Neutral theory in community ecology and the hypothesis of functional equivalence
Hubbell, SP
Vol.19, No. 1 (2005)
Selected by: Charles Fox and Alan Knapp

Here's the second paper to be selected by two Editors. Chuck says "In this paper, Hubbell discusses "the empirical observations that led me to question my own long-held beliefs about the assembly rules for ecological communities" and which led to his classic, albeit controversial, 2001 book on neutral theory and biodiversity. Hubbell reflects on how his ideas developed over many years as he tried to reconcile outcomes of research on species diversity and niche differentiation with, e.g., classic niche theory."
Alan says "A well written and thought provoking forum paper on a controversial topic. The reflective and open-minded tone at the end is quite enjoyable."

Volume 21 - 30

Nutrition, ecology and nutritional ecology: toward an integrated framework
Raubenheimer, D., Simpson, S. J., & Mayntz, D.
Vol.23, No. 1 (2009)
Selected by: Charles Fox

Looking to the future of nutritional ecology now, as Chuck explains "Raubenheimer et al discuss the need for a general conceptual framework for nutritional ecology. They propose a Geometric Framework that considers the key relationships among relevant variables in nutritional ecology. Though it is too early to know for certain whether this framework will have long-lasting influence, the wide diversity of submissions to this journal that use, or at least discuss, the Geometric Framework, suggest that Raubenheimer et al's approach will have is being widely adopted."

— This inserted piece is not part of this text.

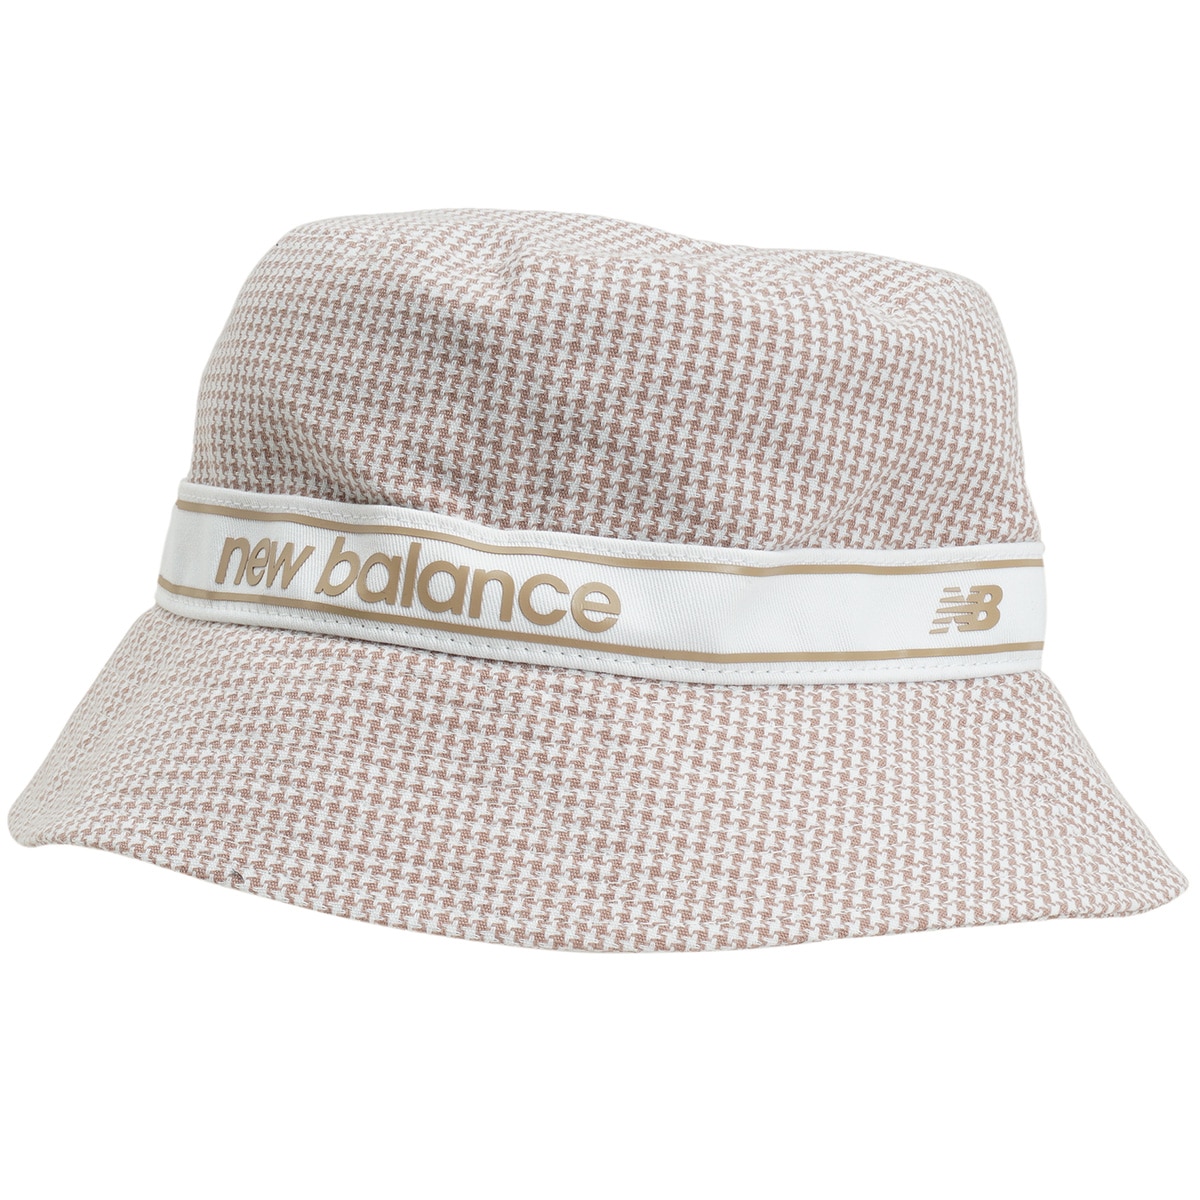 バケットハット レディス(【女性】その他帽子)|New Balance

The association between body mass, metabolic rates and survival of bank voles
Boratyński, Z. & Koteja, P.
Vol.23, No. 2 (2009)
Selected by: Craig White

This paper is probably included because bank voles are the cutest vole.. or maybe for the reason Craig gives.. "One of very few studies examining the fitness consequences of metabolic variation for free-living animals. Functional Ecology has also published a number of other studies in this broad area that are worthy of a further look (e.g. Boratyński & Koteja 2010; Larivée et al. 2010; Fletcher et al. 2014)."

Xylem hydraulic safety margins in woody plants: coordination of stomatal control of xylem tension with hydraulic capacitance
Meinzer, Frederick C.; Johnson, Daniel M.; Lachenbruch, Barbara; et al.
Vol.23, No. 5 (2009)
Selected by: Alan Knapp

This paper has been cited on average 22 times a year since it was published with citations increasing year on year. Alan explains why he chose it "This is a synthesis of data and ideas resulting in mechanistic generalizations for how trees cope with fluctuations in water. Very relevant to issues of drought tolerance and stomatal regulation today."

Vascular performance of woody plants in a temperate rain forest: lianas suffer higher levels of freeze–thaw embolism than associated trees
Jimenez-Castillo, M. & Lusk, C. H.
Vol.23, No. 2 (2013)
Selected by: Ken Thompson

The final paper in our collection provides an answer to a question that has long puzzled Ken "Why so few temperate lianas?"